Sabina Dewan, associate director of international economic policy at the
left-leaning Center for American Progress, said that any trade deal would be
controversial at a time that the wobbly US economy is voters' top concern.
But she noted that Obama has set a goal of doubling US exports as a way to
fuel growth and that, in a globalized economy, the United States risked
being left behind.
"Given the domestic climate and the challenges that President Obama is
facing right now, he would not have picked this battle if he didn't truly
believe in the merits of it," she said.
"Of course, any time you have a new trade agreement you have a restructuring
of economic activity, which means that some people will be better off while
others will have to adjust to change," she said.
Former Democratic president Bill Clinton championed NAFTA despite staunch
opposition from many in his party who have argued, then and now, that it has
encouraged manufacturers to shift jobs to Mexico in search of cheaper labor.
Opposition to the South Korea deal has focused more on specific sectors,
with legislators seeking more access for US autos and beef.
Beef is particularly sensitive for Lee after South Koreans held major street
protests in 2008 charging that the US imports were unsafe. South Korea has
resisted renegotiating any of the deal.
For South Korean policymakers, free trade is seen as a crucial strategy to
boost the competitiveness of an economy lying between giants Japan and
China. Seoul has also pursued trade pacts with the European Union and India.

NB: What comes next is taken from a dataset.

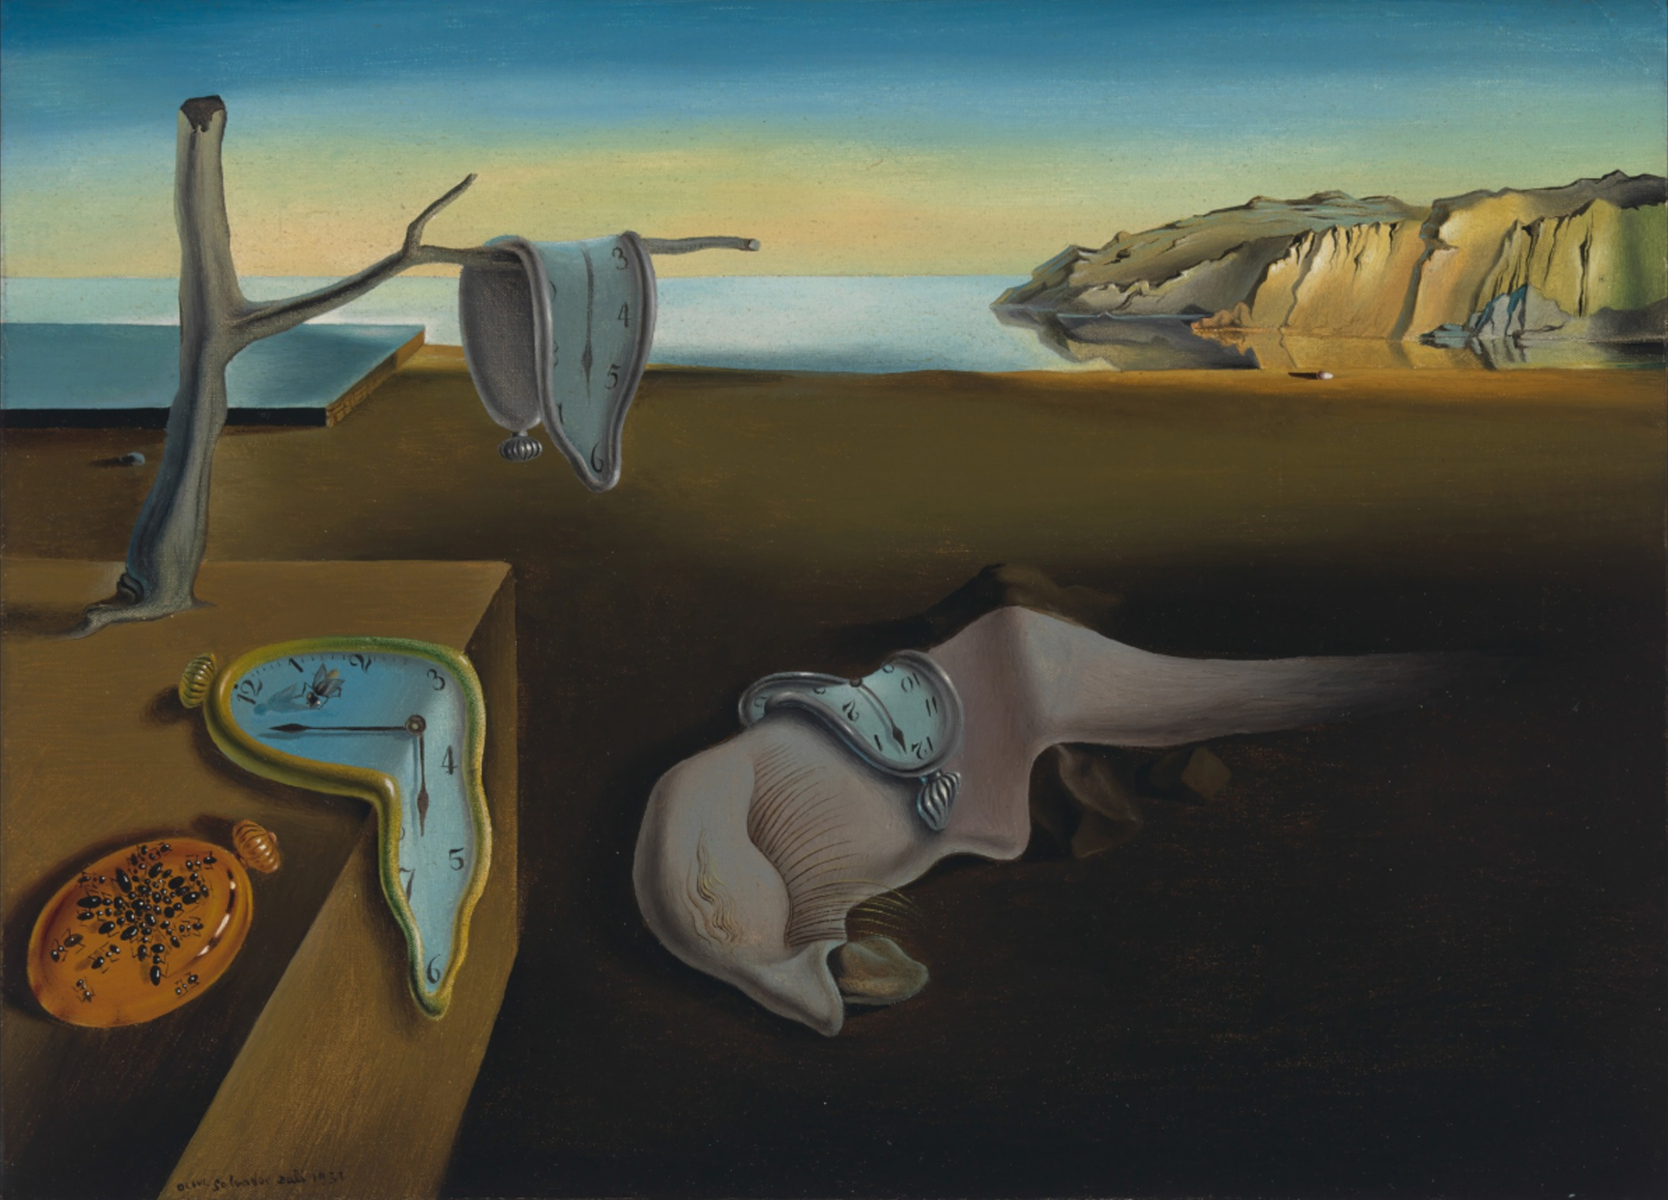 La Persistenza della Memoria © 2020 Salvador Dalí, Gala-Salvador Dalí Foundation : Artists Rights Society (ARS), New York

Han Duk-Soo, the South Korean ambassador to Washington, said he has met with
35 -- or more than one-third -- of US senators and 135 House members to
promote the deal which he argued would create some 72,000 US jobs.
Han last week joined three Democrats and three Republicans who set up a
caucus in Congress in support of the deal.
"For three years, Congress and the White House have wrung their hands while
this no-cost job creation measure sits cooling on the dinner table," said
one of the members, Republican Representative Peter Roskam of Illinois.